The application to create the 24 hour store out of the existing B&Q warehouse on Jinnah Road was thrown into confusion after planners changed their recommendation two days before Wednesday's planning committee meeting from approval to refusal.
Officers had originally stated while the application breached local and national planning laws designed to protect town centres, there was not a viable site and so it should be allowed.
But evidence was then submitted suggesting the option for a superstore on the site of Car Park 4 had been incorrectly ruled out and allowing the proposal would cause significant long-term damage to the town centre.
After reviewing the evidence again, planners recommended the application be rejected because assessments submitted to justify choosing the Smallwood site did not outweigh the potential harm to the town centre and Lodge Park district centre.
But Asda countered with further information arguing they had already proven the Kingfisher proposal was not viable, backed by the council's external consultants GVA, and questioned the legality of the u-turn by planners.
Philip Bartram, Asda's senior property communications manager, told the committee: "We pass the planning tests, we're creating 400 jobs and securing another 119 at B&Q and it's something we can do now. It's not jam tomorrow, it's jam in 2015," he said.

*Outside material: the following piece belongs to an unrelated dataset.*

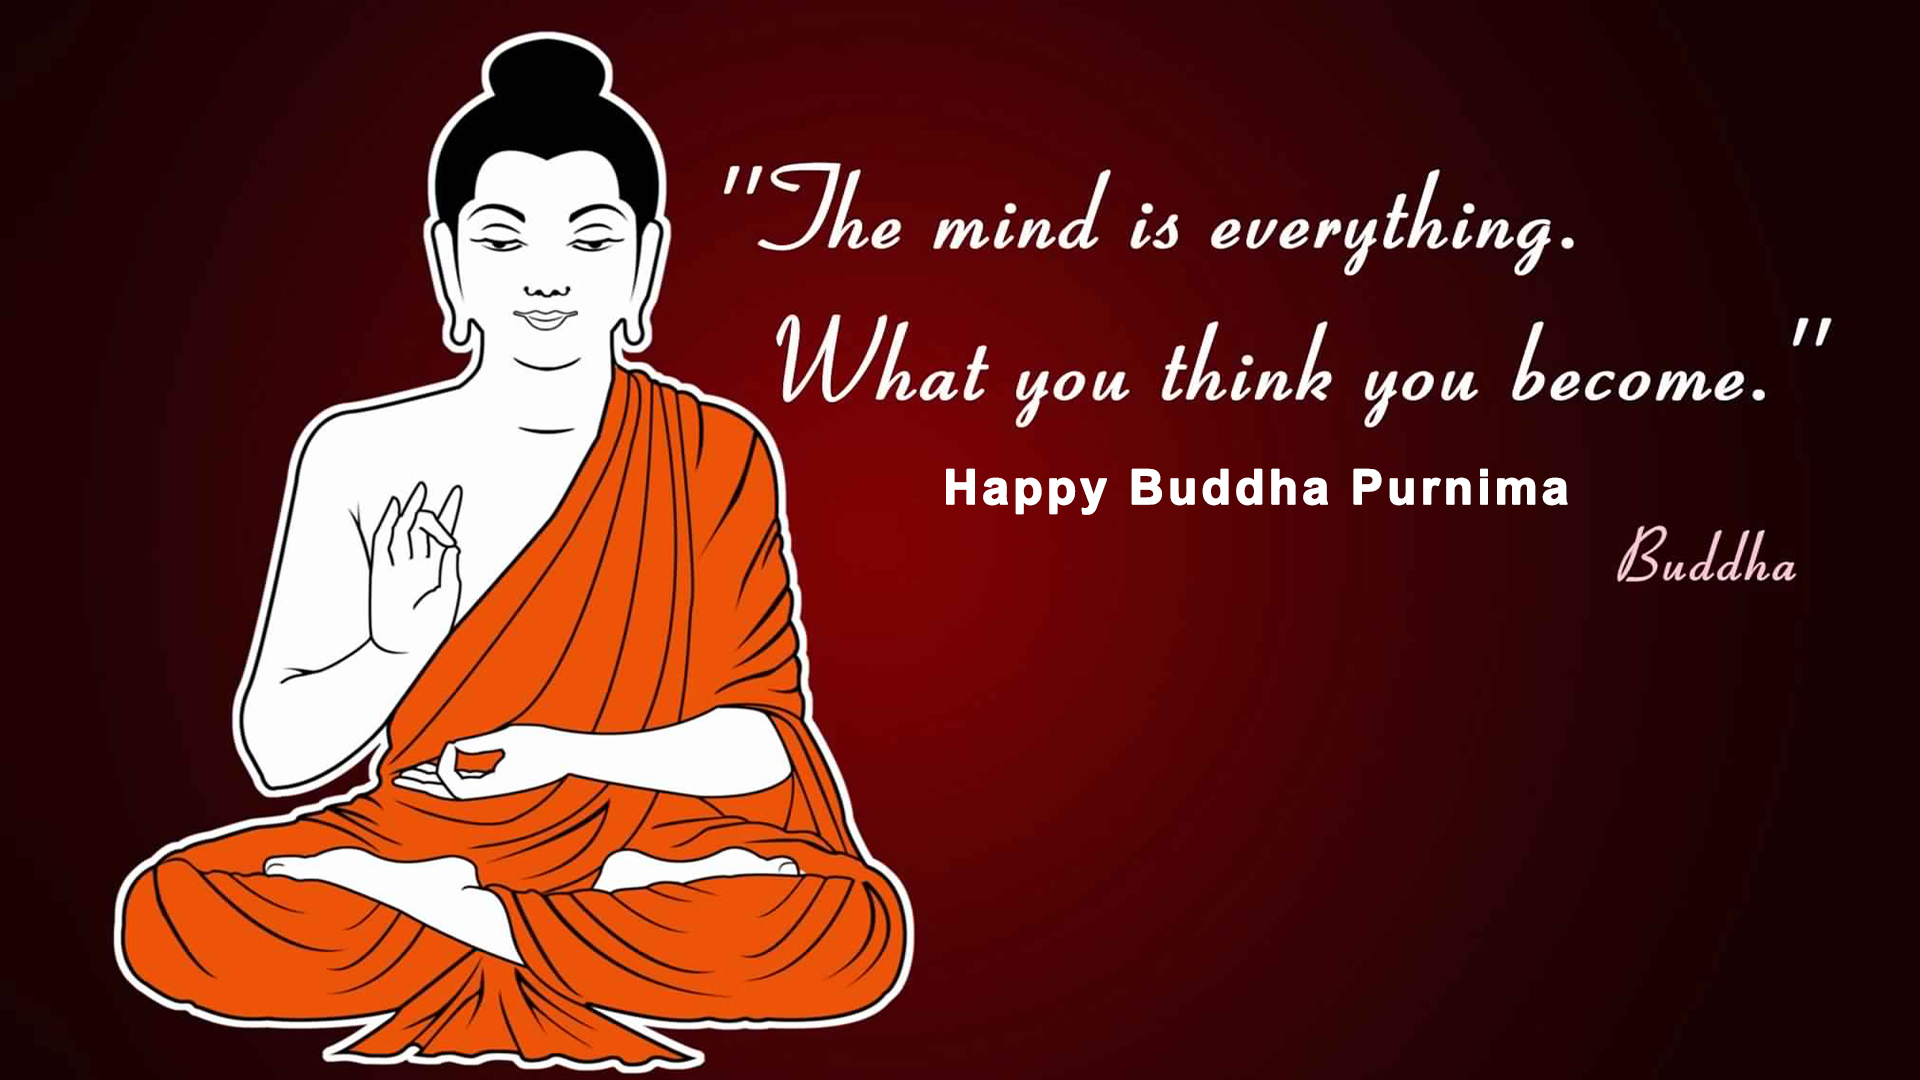 Happy Buddha Purnima Quotes In Hindi | Buddha Purnima

"The [car park 4] site is not viable, we will not go to that site, it does not work for us."
Jane Sell, from B&Q, warned their current store was too large and if the Asda proposal was rejected it
But Mark Bourgeois, executive director for Capital & Regional which co-owns the Kingfisher Shopping Centre, warned allowing the Asda application would scupper any chance of having a supermarket within the town centre.

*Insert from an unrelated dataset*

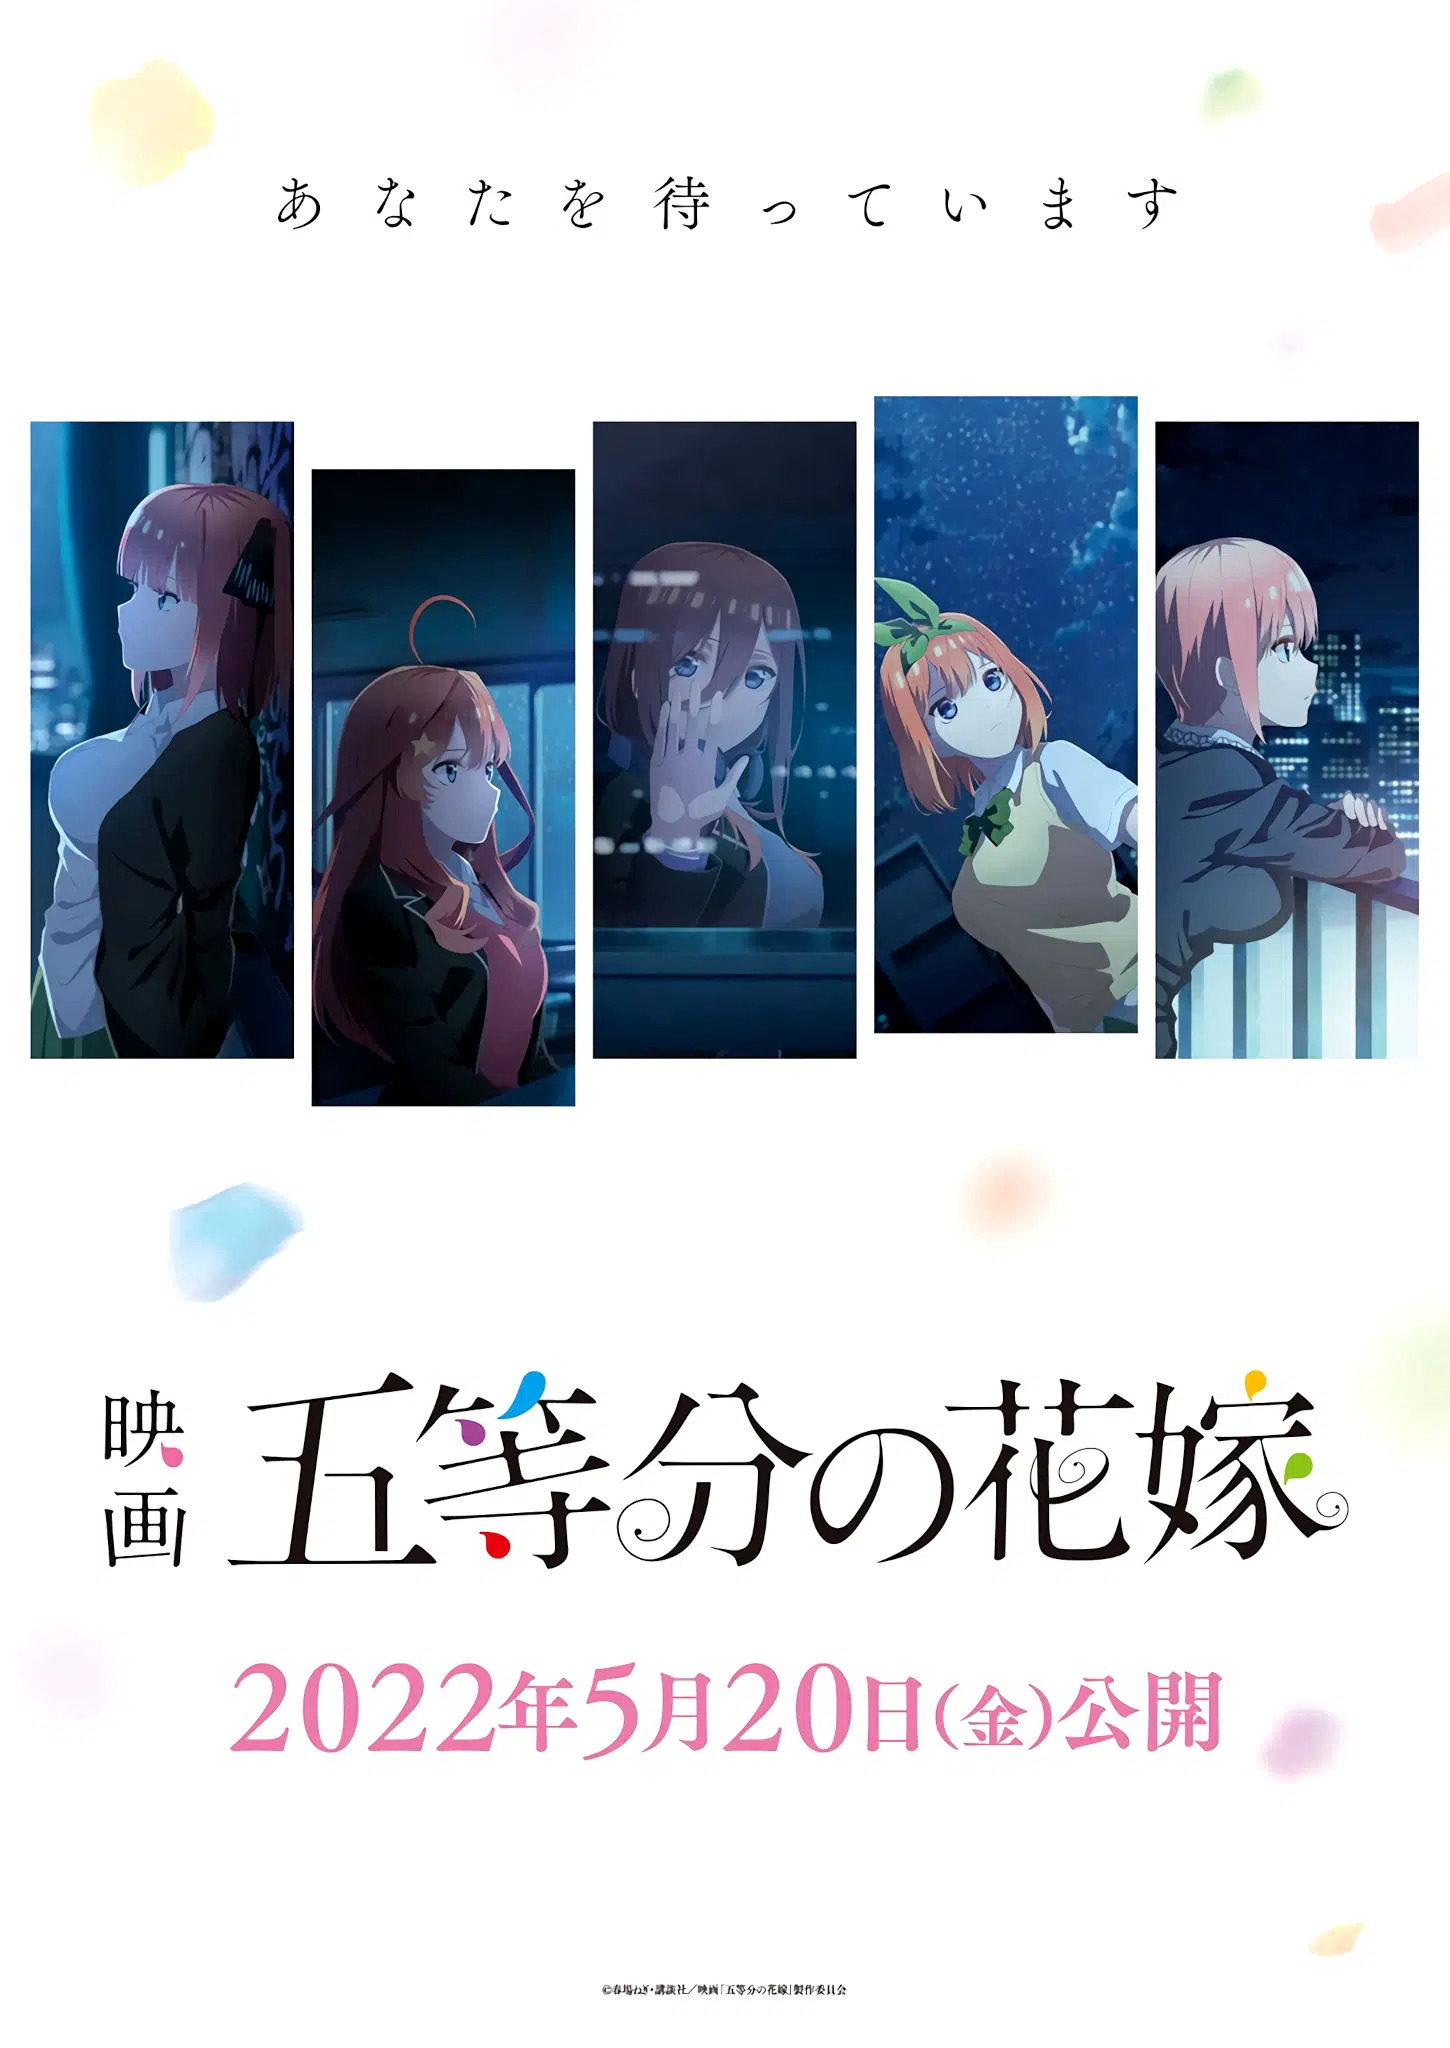 Mega Sized TV Poster Image for Go-Toubun no Hanayome

"The consequent loss of investment from the town centre will outweigh the short-term gains from the applicant."
The Town Centre Partnership also opposed the bid while concerns were voiced by residents about issues including parking and anti-social behaviour.
But Coun Joe Baker said he was not convinced by arguments the town centre would be harmed as parking charges, business rates and high rents were also factors.
Coun Yvonne Smith suggested the issue was deferred - a move backed by the majority of the committee -to allow time for the information to be properly considered, some of which councillors had only been give 20 minutes to read through at the start of the meeting.
Coun Mike Braley also called for an investigation into why planners had changed their recommendation.
But committee chairman Coun Andy Fry said: "This is a finely balanced decision and that's why the recommendation has changed because information has come forward.
"There is no strong evidence one way or the other."